▶ [WHAT YOU WILL DO]: Give back all of the records underneath exactly, with no omissions.

▶ [DATA]:

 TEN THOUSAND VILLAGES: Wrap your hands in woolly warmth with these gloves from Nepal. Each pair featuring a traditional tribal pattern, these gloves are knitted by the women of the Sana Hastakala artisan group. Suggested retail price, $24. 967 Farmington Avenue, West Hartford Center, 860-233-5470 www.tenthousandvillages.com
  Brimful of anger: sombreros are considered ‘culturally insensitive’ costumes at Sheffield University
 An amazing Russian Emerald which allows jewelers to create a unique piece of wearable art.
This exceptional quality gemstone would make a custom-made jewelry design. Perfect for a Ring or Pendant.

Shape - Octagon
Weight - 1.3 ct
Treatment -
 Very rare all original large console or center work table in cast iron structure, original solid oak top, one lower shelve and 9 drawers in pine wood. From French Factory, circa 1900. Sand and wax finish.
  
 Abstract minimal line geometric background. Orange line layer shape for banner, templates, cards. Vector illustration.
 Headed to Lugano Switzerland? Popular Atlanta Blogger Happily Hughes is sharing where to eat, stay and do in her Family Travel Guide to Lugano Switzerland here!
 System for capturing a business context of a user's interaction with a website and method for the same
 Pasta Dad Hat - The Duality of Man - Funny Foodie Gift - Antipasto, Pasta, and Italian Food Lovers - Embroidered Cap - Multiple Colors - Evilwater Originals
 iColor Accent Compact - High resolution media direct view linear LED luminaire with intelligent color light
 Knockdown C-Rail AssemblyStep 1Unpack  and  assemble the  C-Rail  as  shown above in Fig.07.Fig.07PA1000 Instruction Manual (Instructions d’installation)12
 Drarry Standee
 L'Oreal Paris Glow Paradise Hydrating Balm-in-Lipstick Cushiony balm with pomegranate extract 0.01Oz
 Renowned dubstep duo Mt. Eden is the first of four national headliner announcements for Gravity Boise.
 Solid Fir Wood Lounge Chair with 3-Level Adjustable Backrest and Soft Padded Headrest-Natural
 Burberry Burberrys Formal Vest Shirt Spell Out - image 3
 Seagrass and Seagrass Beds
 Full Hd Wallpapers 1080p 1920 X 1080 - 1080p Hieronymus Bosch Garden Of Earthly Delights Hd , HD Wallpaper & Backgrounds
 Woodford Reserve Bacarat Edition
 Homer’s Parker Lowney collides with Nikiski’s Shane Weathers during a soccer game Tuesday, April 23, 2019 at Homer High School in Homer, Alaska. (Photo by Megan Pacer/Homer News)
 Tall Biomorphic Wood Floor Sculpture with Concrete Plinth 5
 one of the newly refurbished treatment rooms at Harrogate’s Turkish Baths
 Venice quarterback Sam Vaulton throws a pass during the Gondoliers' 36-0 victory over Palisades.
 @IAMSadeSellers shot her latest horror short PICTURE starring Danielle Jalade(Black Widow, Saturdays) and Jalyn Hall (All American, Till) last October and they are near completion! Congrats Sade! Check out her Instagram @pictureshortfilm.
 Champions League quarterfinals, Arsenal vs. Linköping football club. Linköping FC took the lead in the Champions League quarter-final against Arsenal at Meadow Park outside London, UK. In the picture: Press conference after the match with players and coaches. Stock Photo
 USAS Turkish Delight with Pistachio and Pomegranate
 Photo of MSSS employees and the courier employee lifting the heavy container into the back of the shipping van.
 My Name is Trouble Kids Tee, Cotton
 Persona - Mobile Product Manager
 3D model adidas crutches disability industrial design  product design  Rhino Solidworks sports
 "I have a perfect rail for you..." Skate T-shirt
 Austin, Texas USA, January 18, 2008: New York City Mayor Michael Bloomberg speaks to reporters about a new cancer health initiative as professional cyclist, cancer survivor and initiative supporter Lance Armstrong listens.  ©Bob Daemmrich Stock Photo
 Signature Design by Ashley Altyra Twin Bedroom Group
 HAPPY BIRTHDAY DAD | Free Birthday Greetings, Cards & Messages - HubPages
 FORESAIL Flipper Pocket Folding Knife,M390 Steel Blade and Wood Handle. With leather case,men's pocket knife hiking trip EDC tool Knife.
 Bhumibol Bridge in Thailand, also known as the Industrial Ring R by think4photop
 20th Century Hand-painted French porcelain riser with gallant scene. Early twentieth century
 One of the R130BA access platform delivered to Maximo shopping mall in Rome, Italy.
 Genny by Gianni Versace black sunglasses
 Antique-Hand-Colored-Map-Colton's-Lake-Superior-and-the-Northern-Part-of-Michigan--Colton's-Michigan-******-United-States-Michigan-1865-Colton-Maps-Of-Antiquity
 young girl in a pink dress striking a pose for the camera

▶ [EXERCISE SOLUTION]:
 TEN THOUSAND VILLAGES: Wrap your hands in woolly warmth with these gloves from Nepal. Each pair featuring a traditional tribal pattern, these gloves are knitted by the women of the Sana Hastakala artisan group. Suggested retail price, $24. 967 Farmington Avenue, West Hartford Center, 860-233-5470 www.tenthousandvillages.com
  Brimful of anger: sombreros are considered ‘culturally insensitive’ costumes at Sheffield University
 An amazing Russian Emerald which allows jewelers to create a unique piece of wearable art.
This exceptional quality gemstone would make a custom-made jewelry design. Perfect for a Ring or Pendant.

Shape - Octagon
Weight - 1.3 ct
Treatment -
 Very rare all original large console or center work table in cast iron structure, original solid oak top, one lower shelve and 9 drawers in pine wood. From French Factory, circa 1900. Sand and wax finish.
  
 Abstract minimal line geometric background. Orange line layer shape for banner, templates, cards. Vector illustration.
 Headed to Lugano Switzerland? Popular Atlanta Blogger Happily Hughes is sharing where to eat, stay and do in her Family Travel Guide to Lugano Switzerland here!
 System for capturing a business context of a user's interaction with a website and method for the same
 Pasta Dad Hat - The Duality of Man - Funny Foodie Gift - Antipasto, Pasta, and Italian Food Lovers - Embroidered Cap - Multiple Colors - Evilwater Originals
 iColor Accent Compact - High resolution media direct view linear LED luminaire with intelligent color light
 Knockdown C-Rail AssemblyStep 1Unpack  and  assemble the  C-Rail  as  shown above in Fig.07.Fig.07PA1000 Instruction Manual (Instructions d’installation)12
 Drarry Standee
 L'Oreal Paris Glow Paradise Hydrating Balm-in-Lipstick Cushiony balm with pomegranate extract 0.01Oz
 Renowned dubstep duo Mt. Eden is the first of four national headliner announcements for Gravity Boise.
 Solid Fir Wood Lounge Chair with 3-Level Adjustable Backrest and Soft Padded Headrest-Natural
 Burberry Burberrys Formal Vest Shirt Spell Out - image 3
 Seagrass and Seagrass Beds
 Full Hd Wallpapers 1080p 1920 X 1080 - 1080p Hieronymus Bosch Garden Of Earthly Delights Hd , HD Wallpaper & Backgrounds
 Woodford Reserve Bacarat Edition
 Homer’s Parker Lowney collides with Nikiski’s Shane Weathers during a soccer game Tuesday, April 23, 2019 at Homer High School in Homer, Alaska. (Photo by Megan Pacer/Homer News)
 Tall Biomorphic Wood Floor Sculpture with Concrete Plinth 5
 one of the newly refurbished treatment rooms at Harrogate’s Turkish Baths
 Venice quarterback Sam Vaulton throws a pass during the Gondoliers' 36-0 victory over Palisades.
 @IAMSadeSellers shot her latest horror short PICTURE starring Danielle Jalade(Black Widow, Saturdays) and Jalyn Hall (All American, Till) last October and they are near completion! Congrats Sade! Check out her Instagram @pictureshortfilm.
 Champions League quarterfinals, Arsenal vs. Linköping football club. Linköping FC took the lead in the Champions League quarter-final against Arsenal at Meadow Park outside London, UK. In the picture: Press conference after the match with players and coaches. Stock Photo
 USAS Turkish Delight with Pistachio and Pomegranate
 Photo of MSSS employees and the courier employee lifting the heavy container into the back of the shipping van.
 My Name is Trouble Kids Tee, Cotton
 Persona - Mobile Product Manager
 3D model adidas crutches disability industrial design  product design  Rhino Solidworks sports
 "I have a perfect rail for you..." Skate T-shirt
 Austin, Texas USA, January 18, 2008: New York City Mayor Michael Bloomberg speaks to reporters about a new cancer health initiative as professional cyclist, cancer survivor and initiative supporter Lance Armstrong listens.  ©Bob Daemmrich Stock Photo
 Signature Design by Ashley Altyra Twin Bedroom Group
 HAPPY BIRTHDAY DAD | Free Birthday Greetings, Cards & Messages - HubPages
 FORESAIL Flipper Pocket Folding Knife,M390 Steel Blade and Wood Handle. With leather case,men's pocket knife hiking trip EDC tool Knife.
 Bhumibol Bridge in Thailand, also known as the Industrial Ring R by think4photop
 20th Century Hand-painted French porcelain riser with gallant scene. Early twentieth century
 One of the R130BA access platform delivered to Maximo shopping mall in Rome, Italy.
 Genny by Gianni Versace black sunglasses
 Antique-Hand-Colored-Map-Colton's-Lake-Superior-and-the-Northern-Part-of-Michigan--Colton's-Michigan-******-United-States-Michigan-1865-Colton-Maps-Of-Antiquity
 young girl in a pink dress striking a pose for the camera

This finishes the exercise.